# FL20 vs FL22, your thoughts



## Carpn (Apr 5, 2004)

Whats your thoughts on the 22 vs the 20? I pretty much only fish Erie but some ponds to. Any thoughts?


----------



## laynhardwood (Dec 27, 2009)

I don't have any experience with the 22 but I really like the 20 the bottom 6ft zoom is awesome but it also has a bottom 12ft zoom which comes in extra handy when night fishing for crappie. I think you would like either one.


----------



## Tightlines (Jun 29, 2012)

I had both. Bought both new. Still have the 22. They are very similar as far as the features and use ability. The 22 is supposed to be HD but I don't know if i could tell much difference in target separation. Either one is a good unit. I just bought a FLX 28 and can't wait to use that this winter. Those units are nice!


----------



## quackpot (May 17, 2009)

I bought the 28 last year and wouldn't be without it


----------



## FISHIN 2 (Jun 22, 2005)

Flx-28, OOHHHHH, Those colors are purty. Went to the dark basement and WOW, some of those colors are cool, could rent it out at a disco !!! Come on ice. Sold my Fl-18 and got the 28, now need to see her in action. The first walleye that hits the ice, I'll consider it paid for too.


----------



## laynhardwood (Dec 27, 2009)

My friend Mike has a 28 it's pretty darn nice. It's expensive but you get what you pay for.


----------



## Tightlines (Jun 29, 2012)

A couple buddys have the 28. I used theirs a couple times last winter. The digital depth is very nice but the " weed mode" is even better.


----------



## lovin life (Jan 2, 2010)

Had the FL22 and it was a good unit except for the tri ducer. Manufacturer defect but vex replaced it no question. Bought the FLX28 and its definitely an upgrade. But to start out an 18 is a great unit. 

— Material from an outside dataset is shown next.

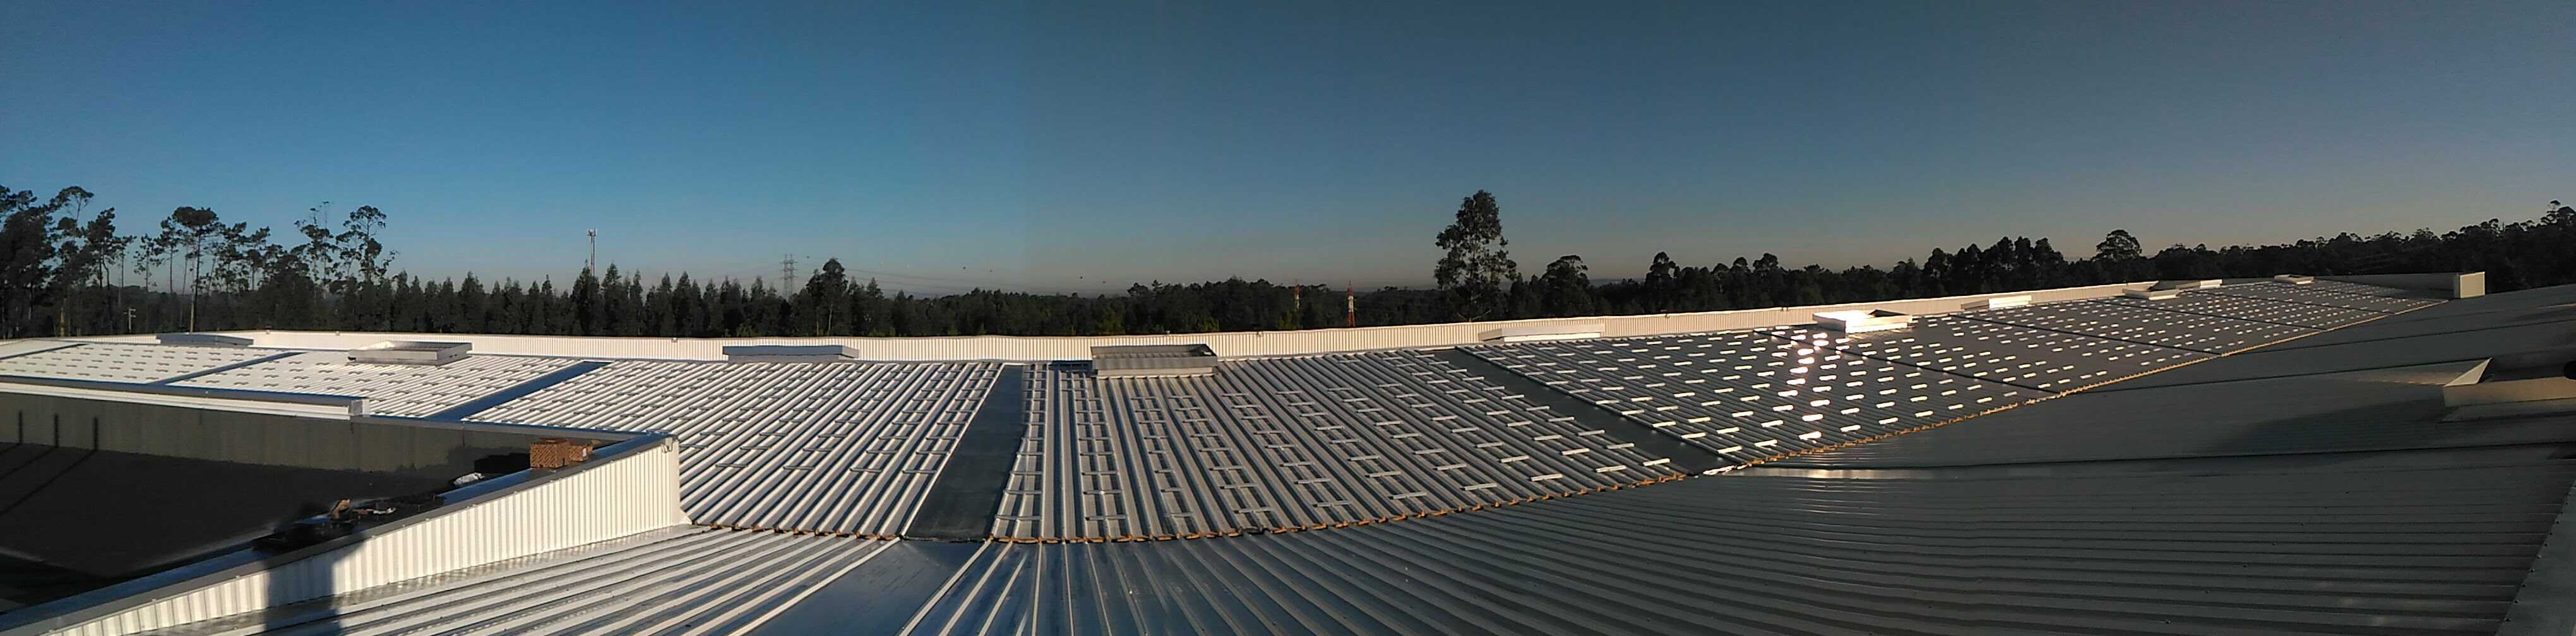 DEXPROM Campo solar (fase obra)

Sent from my SPH-L710 using Tapatalk


----------



## Carpn (Apr 5, 2004)

well, I'd be upgrading from a FL8 so I'm sure it would be a improvement.


----------



## Dr. Walleye (Jan 12, 2014)

I read these post with great interest since I am going to purchase my first Vexilar soon. I'm unsure whether to buy direct from Vexilar or another vendor. It's hard to find dealers around NW Ohio. Suggestions?


----------



## quackpot (May 17, 2009)

I ordered mine through Walmart.com. I bought the 28 and had it shipped to my work address for no charge. It was last year in the middle of the season, had it in three days.


----------



## lovin life (Jan 2, 2010)

Dr Walleye, i shopped around online for the FLX 28. Amazingly, Gander Mountian was the cheapest, and im not a Gander Mountian fan. Had it in 5 days. 

Sent from my SPH-L710 using Tapatalk


----------



## laynhardwood (Dec 27, 2009)

I'm not a gander mountain fan either but in a pinch I will go there


----------